BRIEF DESCRIPTION OF THE DRAWINGS
[0009] The advantages of the technology described above, together
with further advantages, may be better understood by referring to
the following description taken in conjunction with the
accompanying drawings. In the drawings, like reference characters
generally refer to the same parts throughout the different views.
The drawings are not necessarily to scale, emphasis instead
generally being placed upon illustrating the principles of the
technology.
[0010] FIG. 1 illustrates a schematic of a texture mapping system
and a representative embodiment for the texture mapping system.
[0011] FIG. 2 illustrates a representative embodiment of a profile
sensor interacting with the backside of a substrate.
[0012] FIG. 3A illustrates a schematic of a sensor measurement
point and path in a polar coordinate system.

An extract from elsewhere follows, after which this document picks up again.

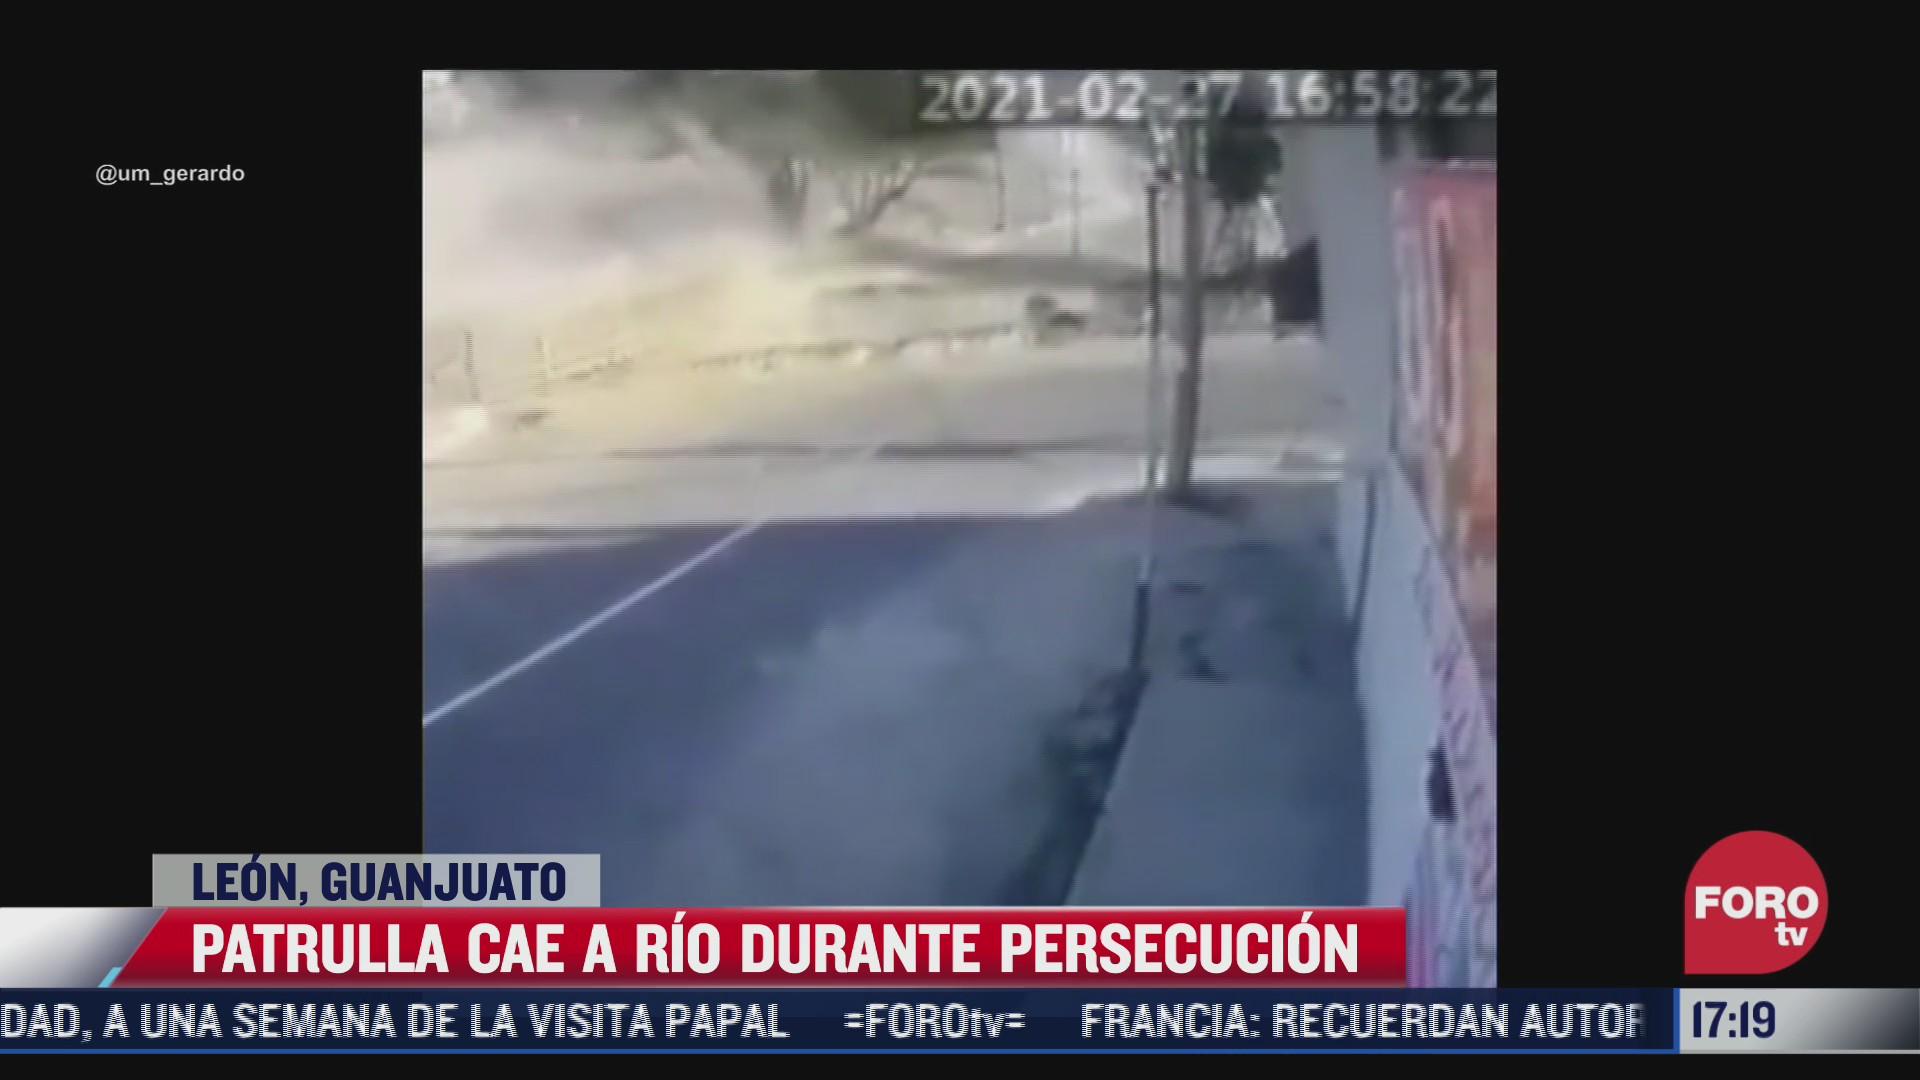 patrulla cae a rio durante persecucion en leon guanajuato

[0013] FIG. 3B illustrates a schematic of a sensor measurement
point and radial path that is converted from polar coordinates to
Cartesian coordinates.
[0014] FIG. 3C illustrates a schematic of a sensor measurement
point and radial path that is converted from polar coordinates to
Cartesian coordinates.
[0015] FIG. 4 illustrates an embodiment of a texture map that
highlights amplitudes and locations of surface roughness values on
a substrate.
[0016] FIG. 5 illustrates a flow diagram for method of using the
texture mapping system.
DETAILED DESCRIPTION
[0017] Although the present invention will be described with
reference to the embodiments shown in the drawings, it should be
understood that the present invention can be embodied in many
alternate forms of embodiments. In addition, any suitable size,
shape or type of elements or materials could be used.

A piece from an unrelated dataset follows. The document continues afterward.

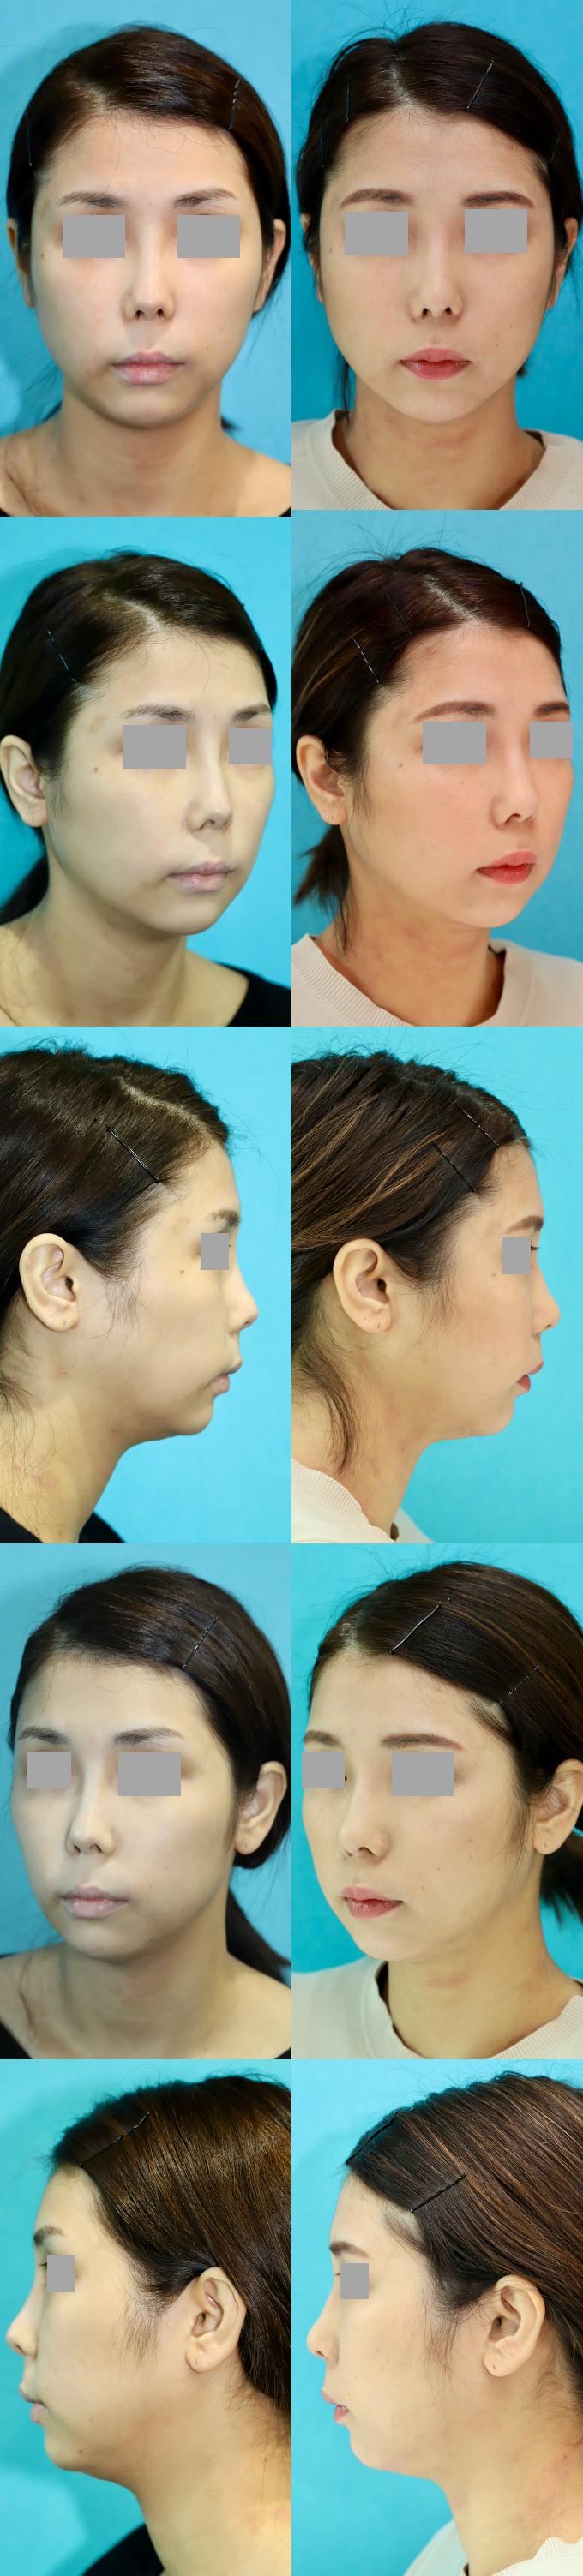 鼻尖移植軟骨除去 軟部組織移植 術後7ヶ月

[0018] FIG. 1 illustrates a schematic of a texture mapping system
100 and a representative embodiment 102 of a portion of the texture
mapping system 100 inside a process chamber 104. The texture
mapping system 100 may be used to detect and map the surface
roughness, topography, or planarity of the back side of the
substrate 106. In one embodiment, the substrate 106 may be a work
piece that may be used to manufacture electronic devices (e.g.,
memory, processor, display) by applying and patterning films on the
front side 108 surface of the substrate 106. The substrate 106 may
include, but is not limited to, silicon wafers that may have a
front side 108 surface and a backside 110 surface that is opposite
the front side 108 surface and the surfaces may also be parallel to
each other.
[0019] Typically, the electronic devices are manufactured on the
front side 108 of the substrate 106. The backside 110 of the
substrate 106 may be used to support or secure the substrate 106
during film deposition and patterning. As electronic device
dimensions continue to shrink, the impact of backside topography or
surface roughness on front side 108 patterning has increased.

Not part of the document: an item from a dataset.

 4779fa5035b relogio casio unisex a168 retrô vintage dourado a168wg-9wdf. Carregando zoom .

Patterning an image on the front side 108 may be distorted due to
surface non-uniformity caused by backside 110 surface roughness
across the substrate 106 and/or at localized regions of the
substrate 106. However, the non-uniformity may be compensated for
during the patterning process. But, the degree of that compensation
may be dependent upon knowing the location and magnitude of the
non-uniformity. The texture mapping system 100 may generate a
texture map or table that may be used compensate for non-uniformity
induced by the backside 110 of the substrate 106. The texture
mapping may be done in a non-destructive manner and have minimal,
if any, impact to the front side 108. The texture mapping system
100 may be incorporated into the processing chamber 104 or as a
stand-alone chamber within a piece of equipment. In another
embodiment (not shown), the texture mapping system 100 may be a
stand-alone tool that generates texture maps and does not provide
subsequent front side 108 processing for the substrate 106.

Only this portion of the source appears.